In our example temperature-soil respiration experiment, you randomly apply the warming procedures to certain soil plots, and then the number generator will choose the map coordinates related to a certain study area. To apply a block design, you can group the subject plots according to the average rainfall on them and then assign these plots to the appropriate groups.
There are situations when randomization cannot be used because it is impractical or unethical. So, a researcher can use certain non-random or partially random designs. The experimental design that does not use randomization is called quasi-experimental.
Comparison of Between-subject and Within-subject Designs
A between-subject design has some other names. They are an ANOVA design and an independent measure design. It means that individuals are assigned to only one level of experimental procedures.

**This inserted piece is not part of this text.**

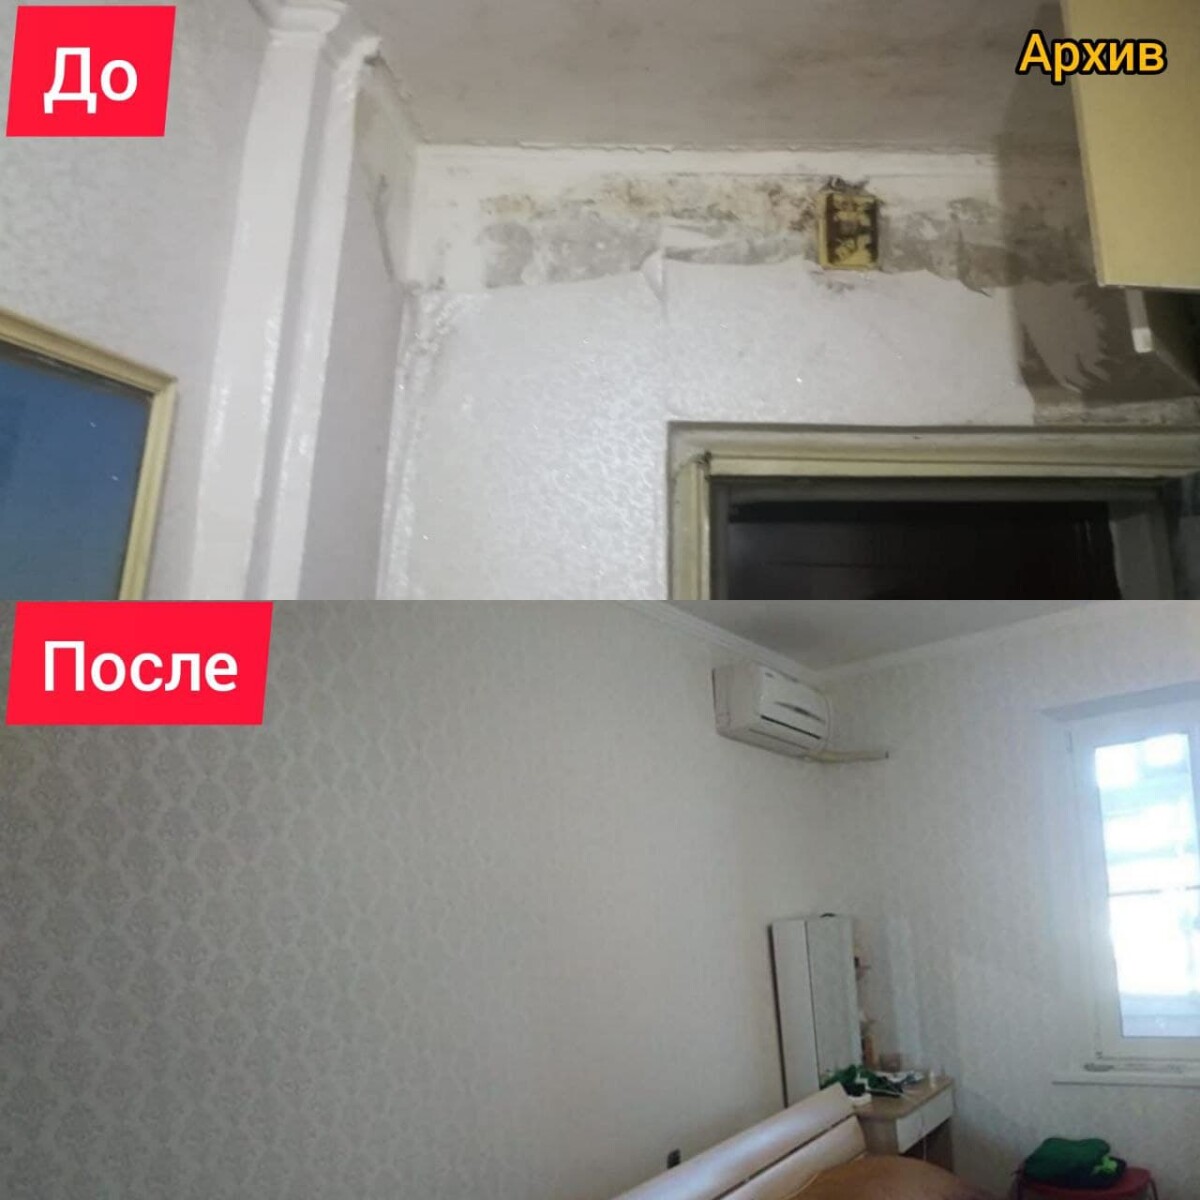 В адрес Дмитрия Трапезникова поступила благодарность от элистинской семьи за оказанное содействие в ремонте жилья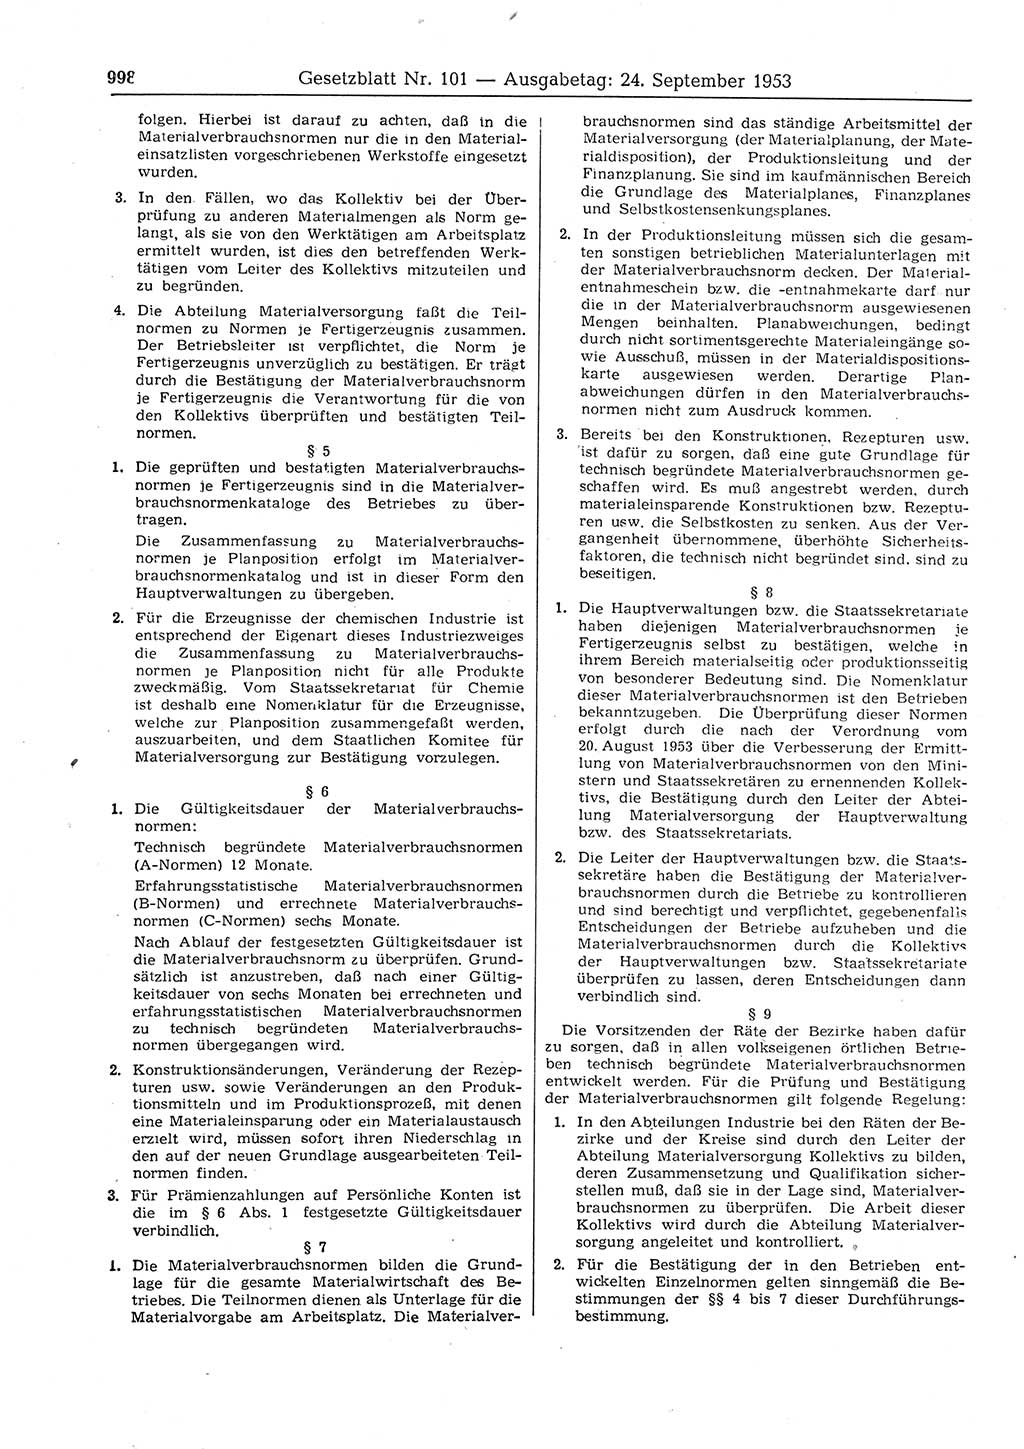 Gesetzblatt (GBl.) der Deutschen Demokratischen Republik (DDR) 1953, Seite 998 (GBl. DDR 1953, S. 998)

Or, as in social or medical experiments, there are matched pairs to be sure that each group has a set of subjects in equal proportions.
A within-subject design is also known as a repeated measure design. Every individual gets a corresponding procedure consequently and then you measure the responses to each procedure. These measures can relate to such an experimental design in which the effect appears over time and the responses of individuals are also measured over time.
A within-subject design can use counterbalancing or changing an order of procedures across the subjects. You need this format to be sure that the order of these procedures cannot affect the experiment results.
Let’s consider our examples. In the sleep and phone use experiment, a between-subject design means that the subjects receive the level of phone use randomly and this level is regarded throughout the whole experiment. A within-subject design means that the individuals refer to different levels, such as zero, low, and high use, in a row, and the order they are assigned to these levels can be randomized.
In the temperature and soil respiration experiment, a between-subject design implies that you apply warming to different parts of soil randomly and the soil in these parts is kept at the same temperature within the entire experiment. A within-subject design is applied in the way when every single part of the plot gets different temperatures, for example, 1, 5, 10, or more degrees, and these temperatures can change consecutively during the course of the experiment. The order they can receive different temperatures can be changed according to the objectives of every stage of the experiment, and it is random.
Measuring Dependent Variables
Here is the last step of the experimental research design. You have to choose the way for collecting data for your dependent variable. Such measurements should be valid and not contain errors or bias.
There are variables that can be measured objectively with special tools, for example, the temperature.
Others need to be processed to become measurable. In the experiment related to the use of phones and sleep, you can measure the dependent variable by asking participants to notify the time when they go to bed and get up regularly. Or you can suggest using a sleep tracker. All these measurements can be valid and provide the most reliable results for the further statistical analysis.
Final Thoughts
If you want to get the results that are relevant and valid, you need to develop such an experimental design that takes into account all the specific features of the system under research. It means that it is context-dependent.
If you know how to make up the experimental design that is the most appropriate for your conditions and subjects, your experiment will be successful, and you will be able to make the most valid conclusions.